Court Opinion

ID: 3401935
Source: CourtListenerOpinion
Date Created: 2016-07-05 19:13:44.781086+00
Date Added: 2024-06-11T14:01:56.128806
License: Public Domain

1. "Decrees ordinarily bind only parties and their privies; but a pending suit shall be a general notice of an equity or claim to all the world from the time the petition shall be filed and docketed; and if the same shall be duly prosecuted and shall not be collusive, one who purchases pending the suit shall be affected by the decree rendered therein." Code, § 37-117.
2. If a lessee for sawmill purposes of growing trees sells the same on a valuable consideration, and afterwards colludes with a third person, who at the time of the sale has a suit pending against such lessee to establish and enforce an outstanding equitable interest in the trees, and so colluding accepts a valuable consideration from the third person, and on the basis thereof allows a consent verdict and decree for the plaintiff without trial of the issues in the case, such verdict and decree will be subject to collateral attack by the vendee as void on the ground of fraud, and will not be protected on the principle of lis pendens. In such a situation such third person should be treated as a subsequent purchaser, and not as one whose original claim became adjudicated in his favor. The statement, "it appears to us that, whatever may be the rights of the plaintiff in and to the property in question, a decree in the present case establishing its right thereto would prevail over the rights of any person who may purchase the same from the defendant," in Ingram  LeGrand Lumber Co. v.  McAllister, 188 Ga. 626, 631 (4 S.E.2d 558), contemplated a valid judgment, not one that as against a *Page 405 
future purchaser would be void for fraud. This distinction applies also to the rulings in Bennett v. Stokey,  164 Ga. 694 (139 S.E. 346); Coleman v. Law, 170 Ga. 906
(7) (154 S.E. 445).
3. The judge did not err in overruling the demurrer to the answer as twice amended.
4. The evidence, though conflicting in part and without conflict in other parts, was sufficient to support the verdict for the defendant, and there was no abuse of discretion in refusing a new trial.
Judgment affirmed. All the Justicesconcur.
       No. 13906. JANUARY 13, 1942. REHEARING DENIED FEBRUARY 13, 1942.
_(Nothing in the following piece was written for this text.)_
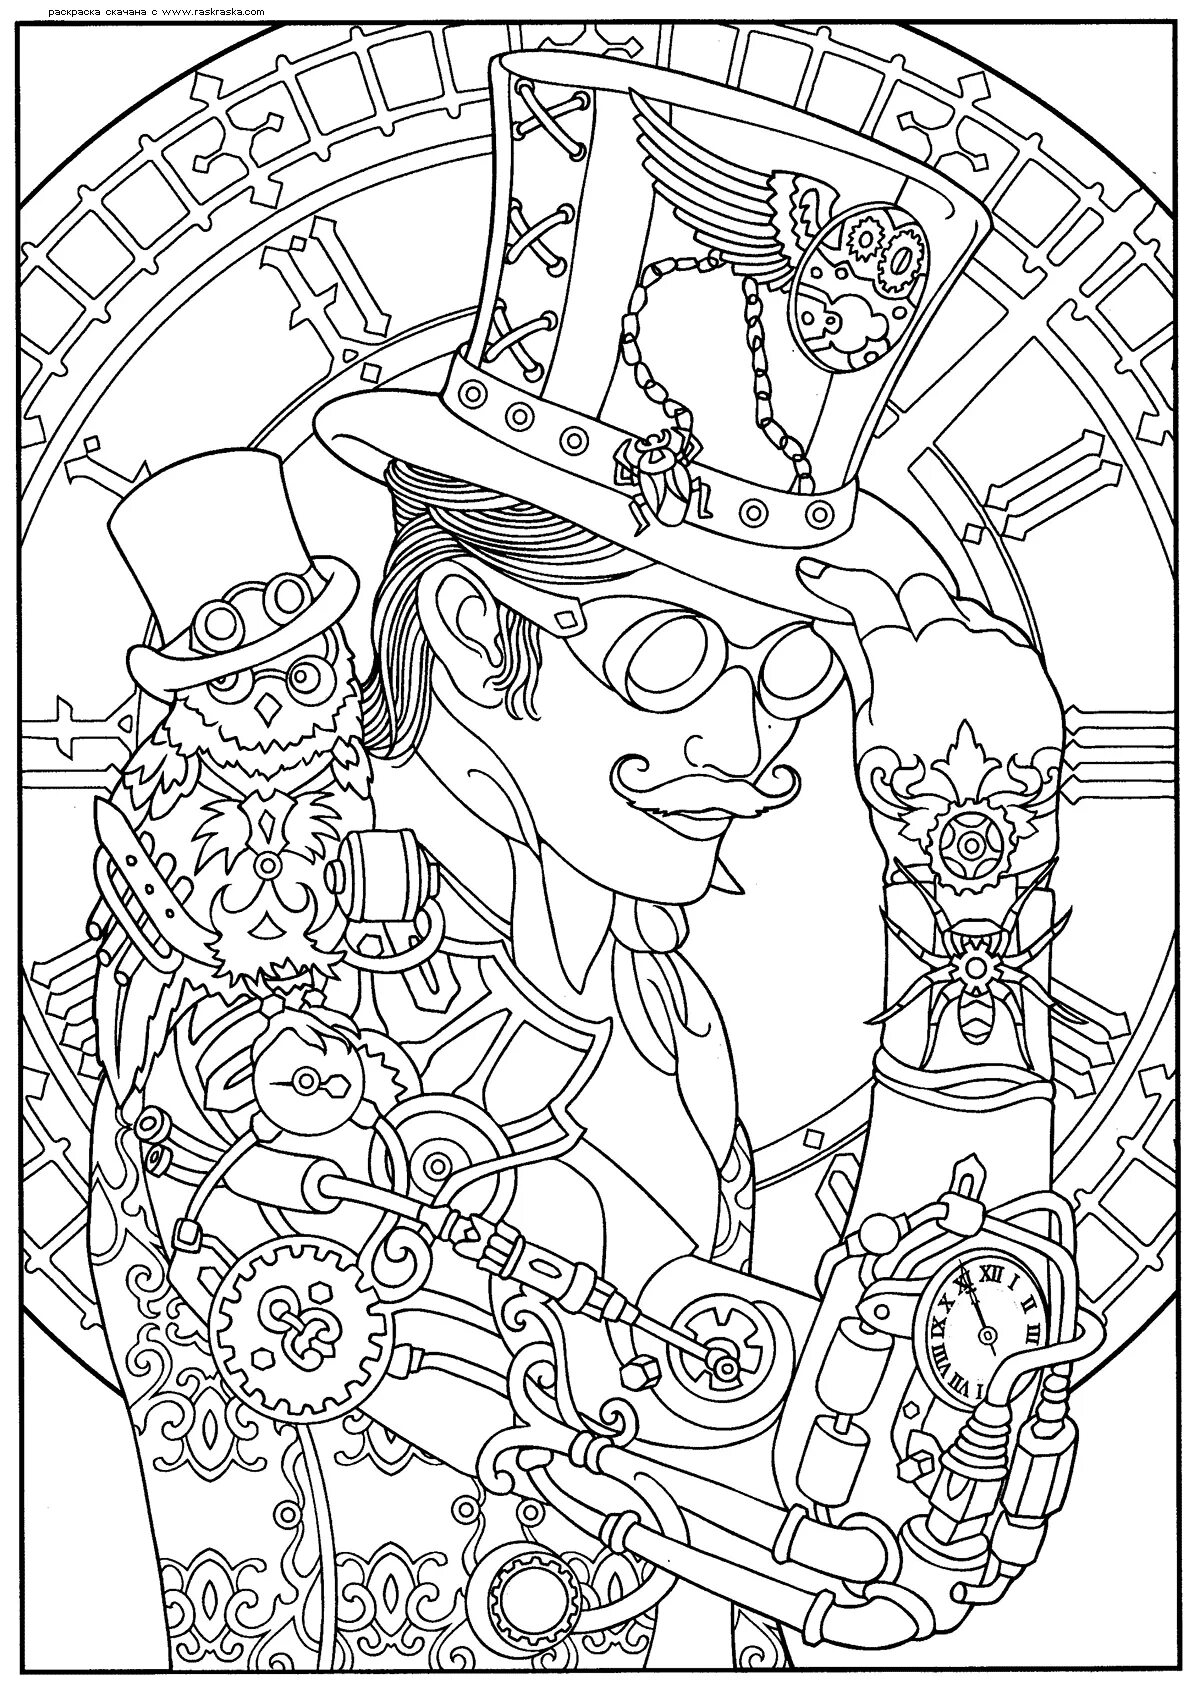 Bold steampunk coloring book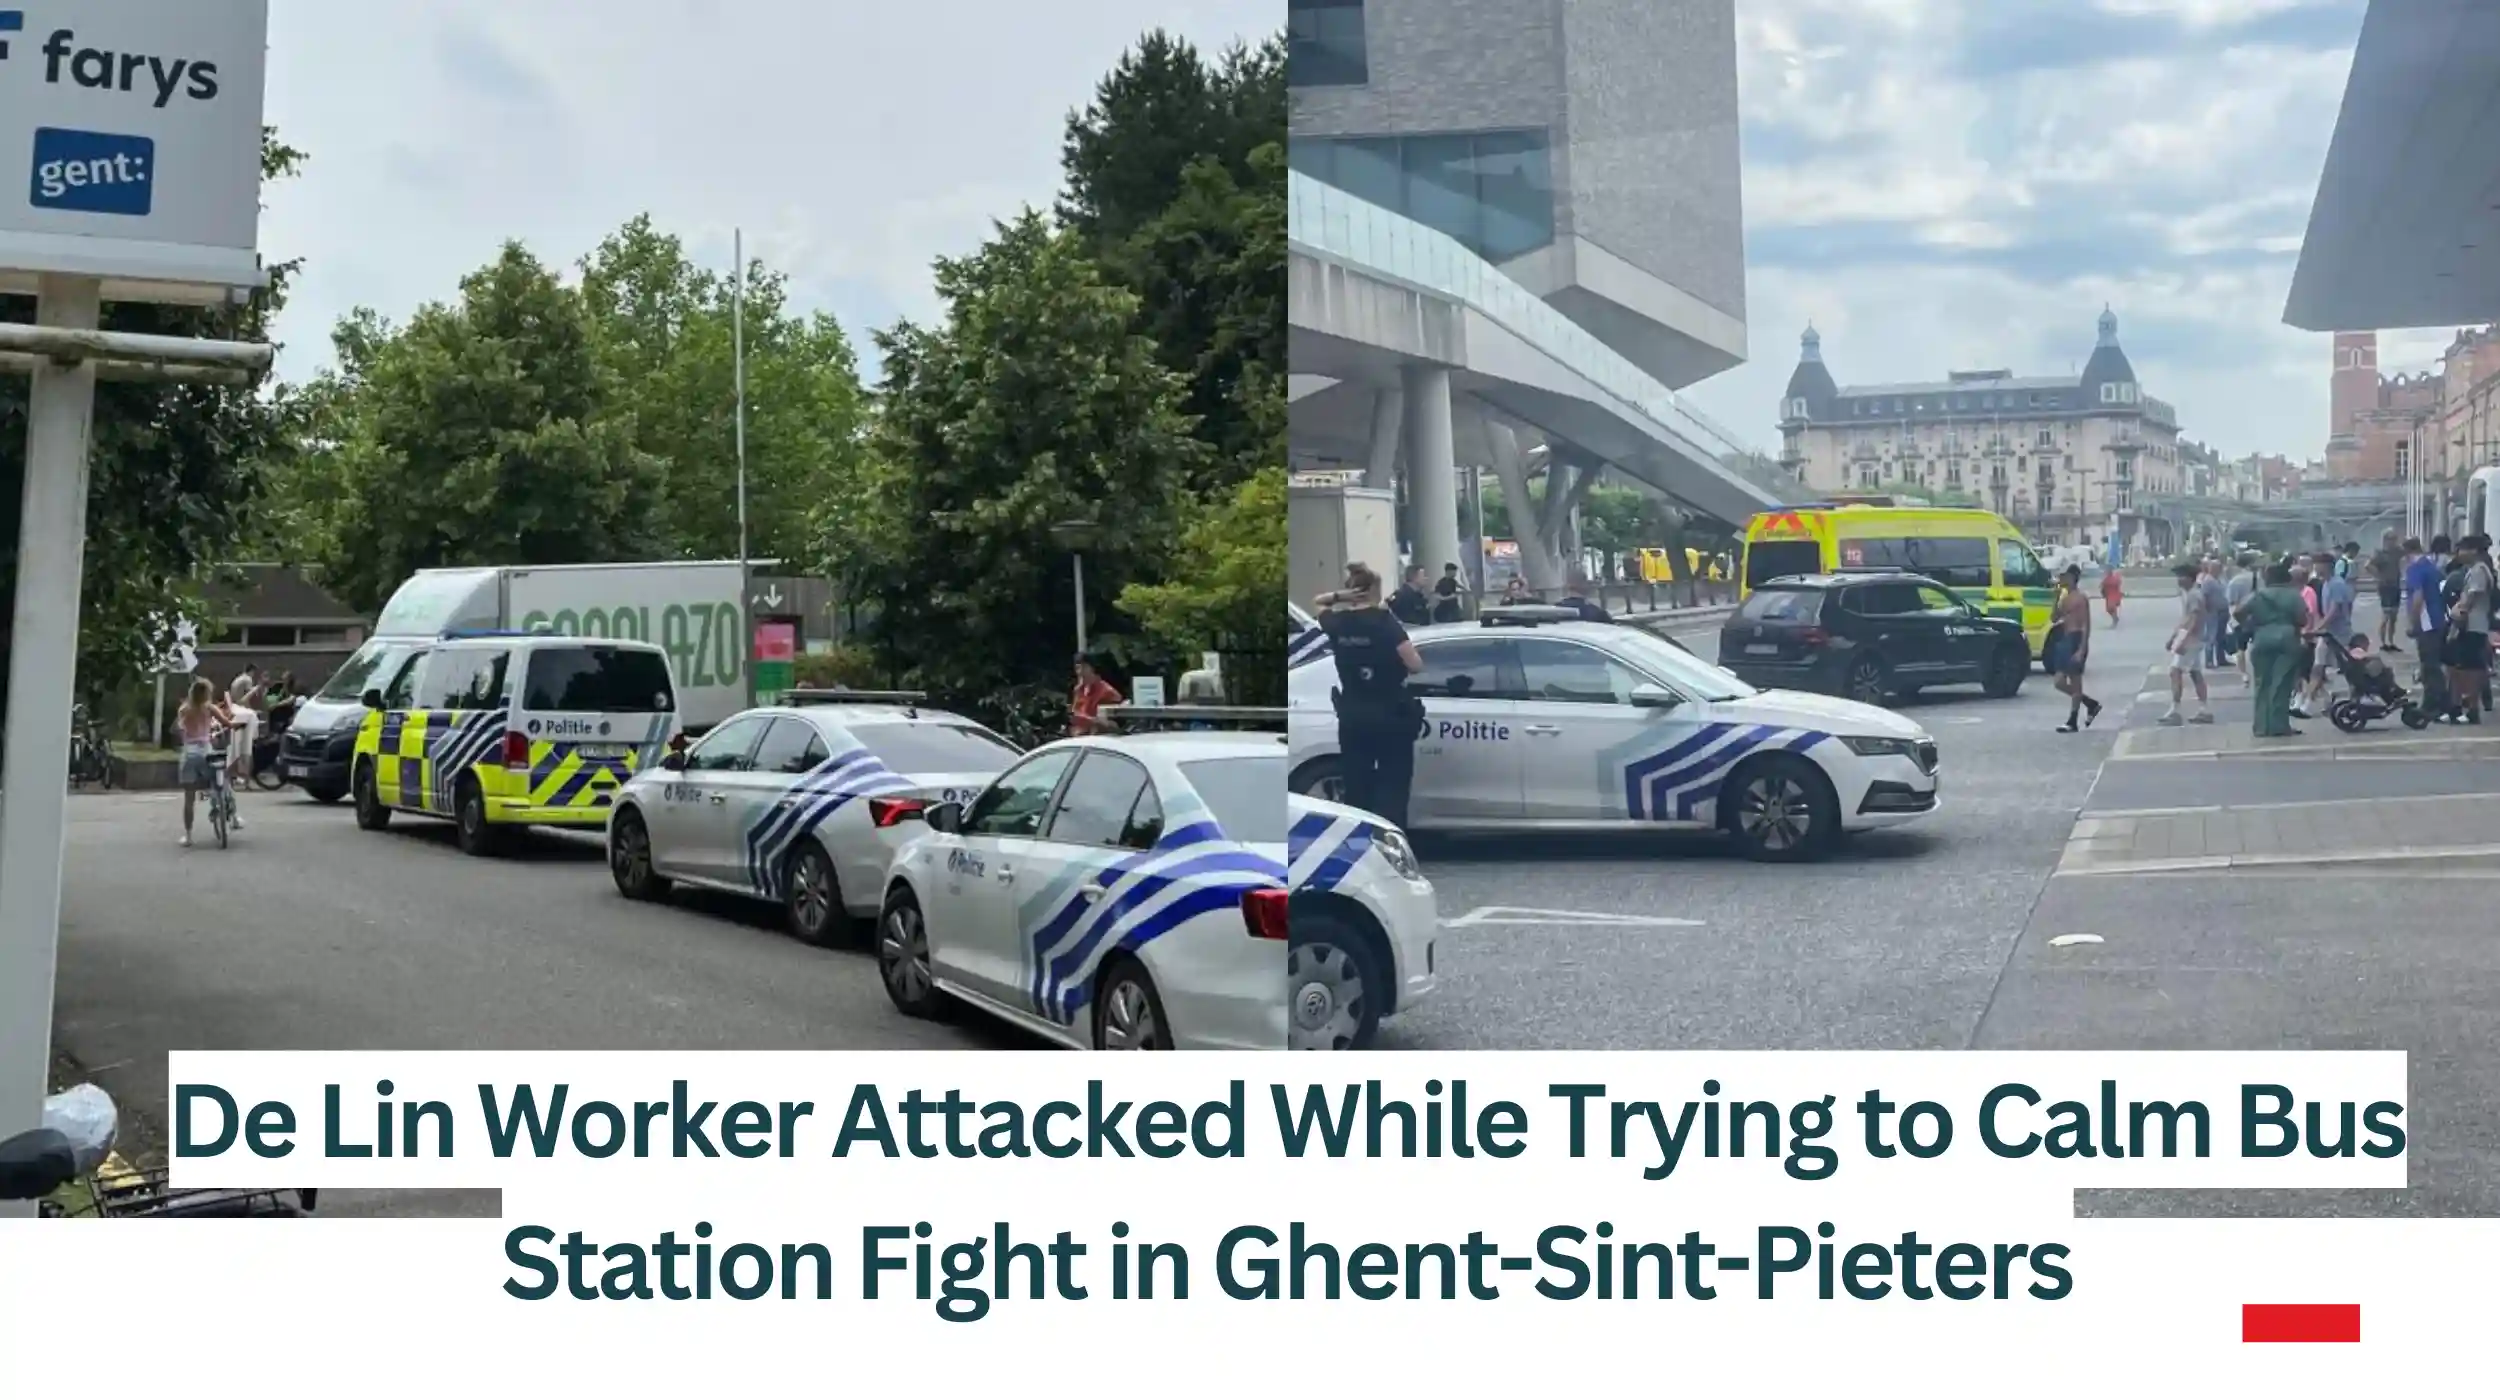 De-Lin-Worker-Attacked-While-Trying-to-Calm-Bus-Station-Fight-in-Ghent-Sint-Pieters

Ingram  LeGrand Lumber Company, hereinafter called Ingram, instituted a suit against Burgin Lumber Company, hereinafter called Burgin, to enjoin the cutting of standing timber on the north half of lot 221 in district 32 of Marion County. The exceptions are to the overruling of the plaintiff's demurrer to the defendant's answer, and to the refusal of a new trial after verdict for the defendant. The timber is the same as involved inIngram  LeGrand Lumber Co. v. McAllister, 188 Ga. 626
(supra), and Ingram  LeGrand Lumber Co. v. Burgin LumberCo., 191 Ga. 584 (13 S.E.2d 370), to which reference is made for more complete statement. On facts alleged in the case first cited, verdict and decree were rendered, so reforming the lease under which Ingram on the basis of alleged equity claimed right to the timber that the lease would include the timber in question and establish Ingram's right. The decree also enjoined defendant Wesley McAllister from disposing of the timber. In the case last cited it was held that Burgin was not entitled to the statutory remedy of a motion to set aside the verdict and decree, because he was not a party to the suit in which they were rendered. Before the suit in the case first cited, J. F. Duke had executed a lease to Wesley McAllister. While that suit was pending, Burgin on a valuable consideration purchased the timber from Wesley McAllister. It was after such purchase that the verdict and decree were rendered. In Burgin's answer as twice amended it was alleged that defendant was a bona fide purchaser for value, and the verdict and decree were attacked as collusive, fraudulent, and void as against defendant, because they did not result from orderly trial of the issues made by the pleadings, but were by consent of the parties induced by payment of money by Ingram, and other valuable considerations, *Page 406 
amounting in substance to original purchase of the timber from Wesley McAllister after Burgin's right to the timber had attached.